Mi hermana estaba incrédula, como si todavía no se terminase de creer todo lo que estaba sucediendo aunque para ser sincera yo tampoco.
- Solo porque es la primera vez y a cambio me tendrás que cocinarme esos rollos de canela que te salen tan buenos. ¡Nos vemos! Diviértete - me dió un abrazo y se marchó en el coche con sus amigas.
- ¡Vamos Hina! Al final también se nos ha unido Tenten.
Me subí y saludé a todas.
Iban muy arregladas así que comencé a sentirme fuera de lugar, me había puesto una falda larga de tela que tenía unas florecitas blancas, unas sandalias y una camiseta de tirantes blanca la cual hacía resaltar mucho mis voluminosos pechos los cual intenté cubrir con un jersey de lana fina.
La música de la casa podía escucharse varias calles antes, las chicas comenzaron a emocionarse y charlaban alegremente entre ellas.
Por mi parte me encontraba en un rincón del coche... arrepintiéndome mientras más nos acercábamos.
Tenten aparcó entre un montón de coches y bajamos todas.
- Hina - me llamó la atención la pelirosada mientras las otras dos seguían caminando sin darse cuenta que nos habíamos detenido.
- D-dime S-sakura-chan - no quería arruinar la noche de chicas con mis inseguridades por lo que intente ponerle la mejor cara posible.
- Quítate ese jersey - dijo sin vacilar.
- ¿E-eh? - No entendía porque de golpe quería que me lo sacara.
- Eres hermosa Hinata, no tienes que esconderte.
- E-eso... E-eso no e-es verdad S-sakura-chan... m-mis pechos s-son muy g-grandes... y v-voy v-vestida f-fuera de l-lugar... - mis ojos comenzaron a llenarse de lagrimas cuando de golpe me abrazó con fuerza mi amiga.
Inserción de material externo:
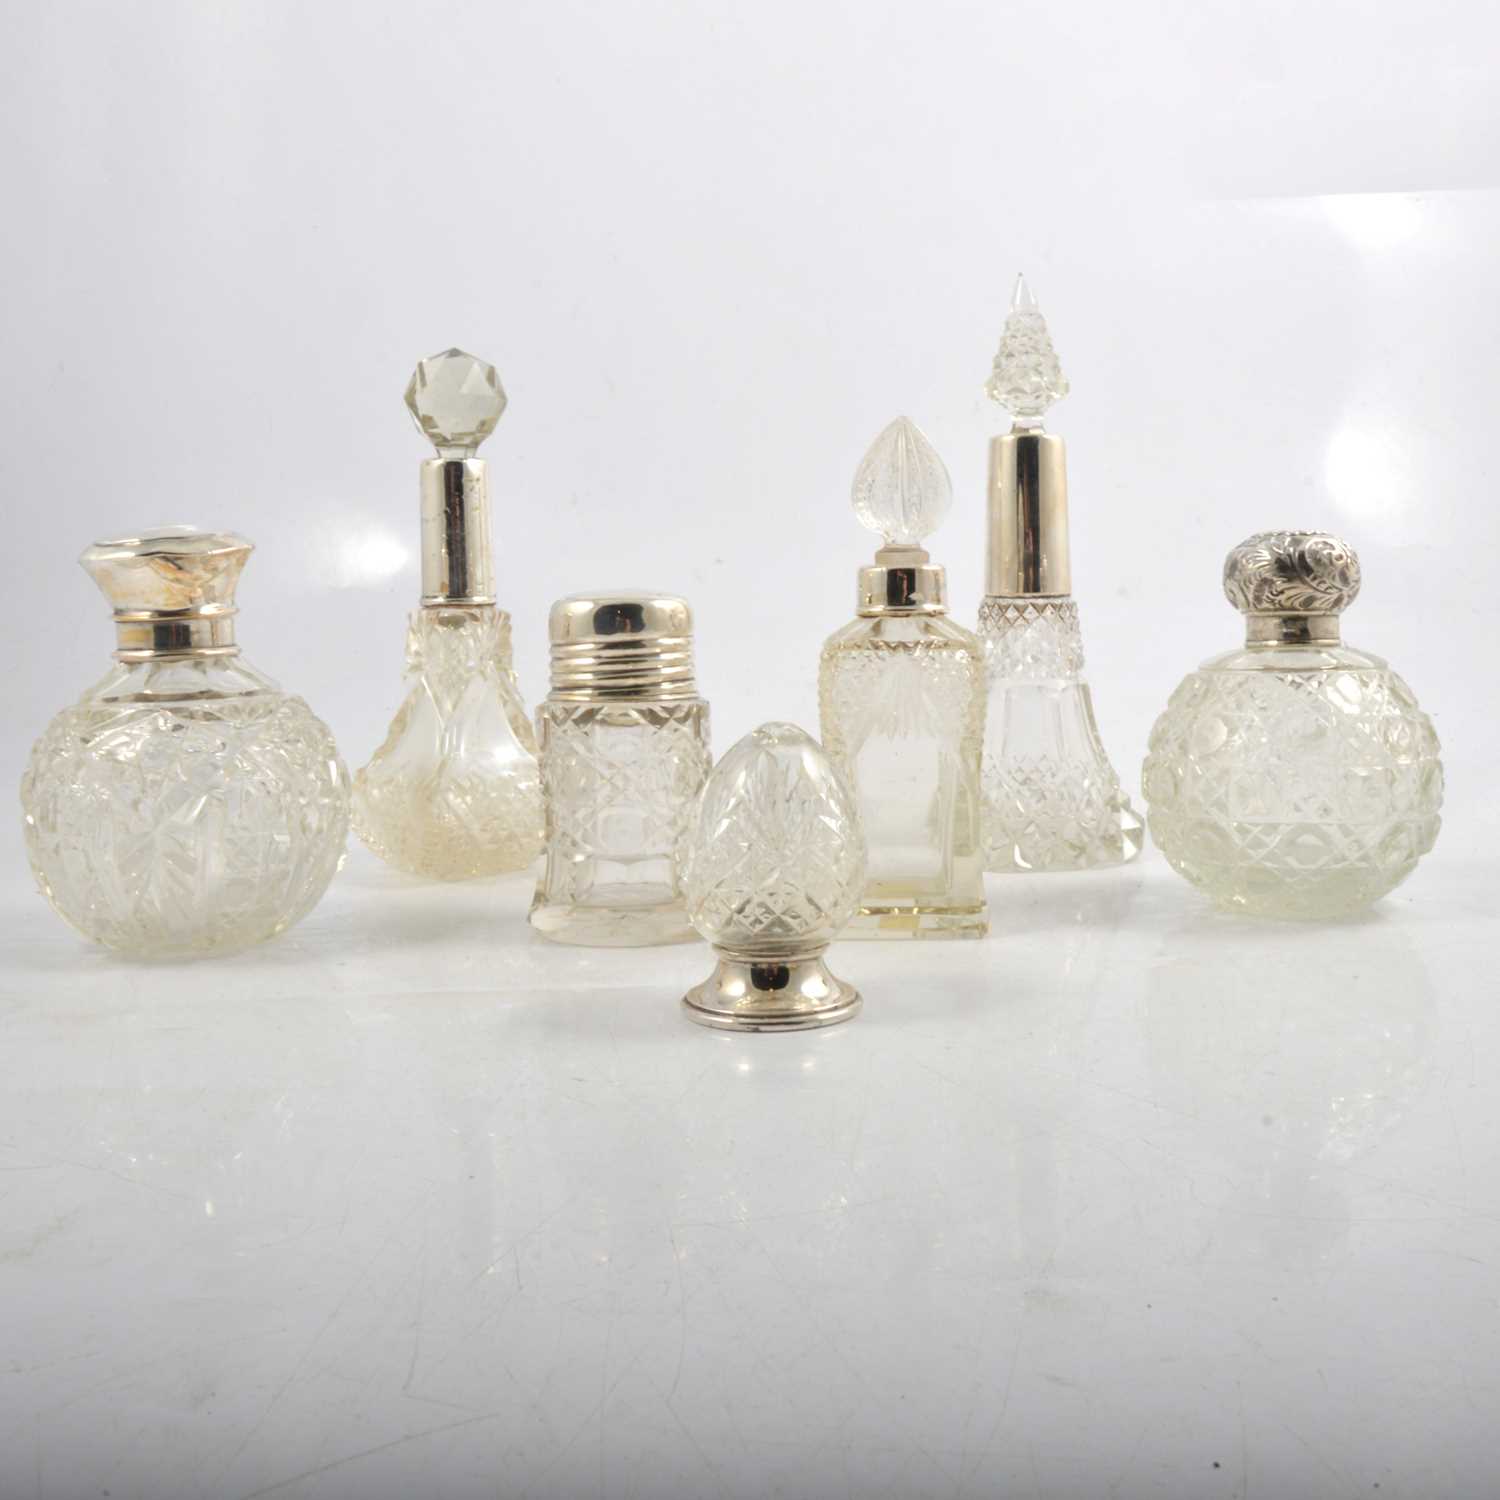 Lot 231 - UPDATED - A silver-bottomed pepperette and six silver-topped / collared cut glass scent bottles.

Al rato se separó y me dio un golpe en la cabeza.
- Que tonta eres, ven.
Me quito el jersey dejando ver mis curvas, recogió mi larga cabellera en una coleta alta y me pintó los labio de un rojo suave.
- Vamos! Eres preciosa Hina, deberías ser mas consiente de ello. Seguro esta noche enamoras a más de uno.
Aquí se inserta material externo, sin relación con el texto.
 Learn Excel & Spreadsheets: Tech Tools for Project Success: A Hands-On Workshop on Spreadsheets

Me guiño el ojo y cogidas de la mano nos acercamos hasta la entrada donde ya estaban mis otras dos amigas. Apenas ingresamos nuestras voces se hicieron casi inaudibles de lo fuerte que sonaba la música. Miraras por donde mirases había gente bebiendo alcohol y fumando, lo que hacía el ambiente muy espeso.
- Menos mal que dijiste que era una fiesta privada Ino - le reprocho un poco Tenten que pese a haber venido tampoco eran sus ambientes favoritos.
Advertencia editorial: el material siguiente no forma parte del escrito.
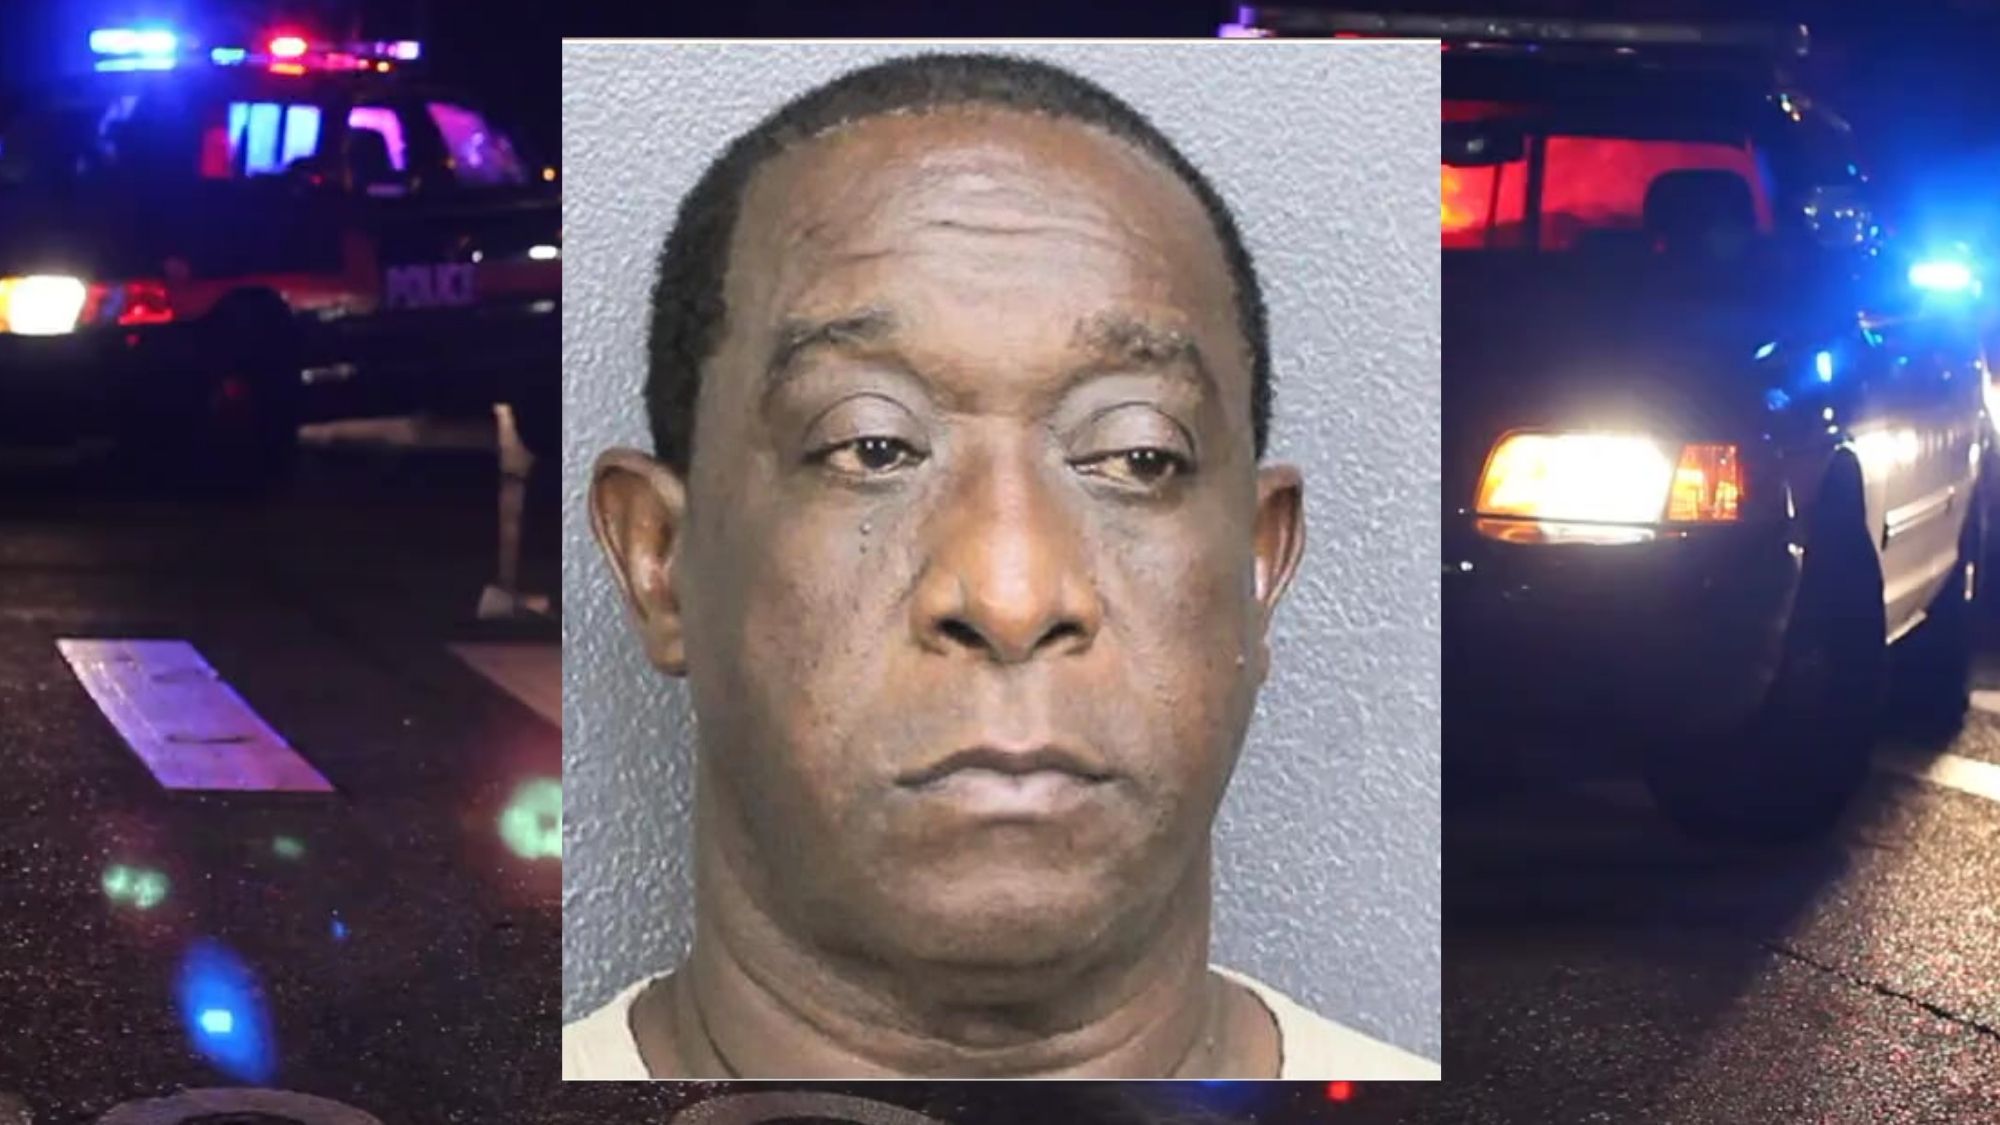 Man Charged with First-Degree Murder in Connection with North Lauderdale Shooting

- Eso me dijo Sasuke-kun... Pero bueno vamos a disfrutar! - y dicho esto nos empujo a todas dentro.
Nos adentramos por la casa y buscamos unas bebida y un sitio donde poder estar todas juntas pasándolo bien. Era mi primera vez bebiendo alcohol por lo que no llevaba ni la mitad de la copa y ya me había subido considerablemente. Bailábamos y nos reíamos tanto que ya me dolía la cara.
- Vaya Hinata, mira a quien tienes detrás!- dijo Ino girando mi cuerpo, haciendo que perdiera el equilibrio y chocando contra el pecho de una persona.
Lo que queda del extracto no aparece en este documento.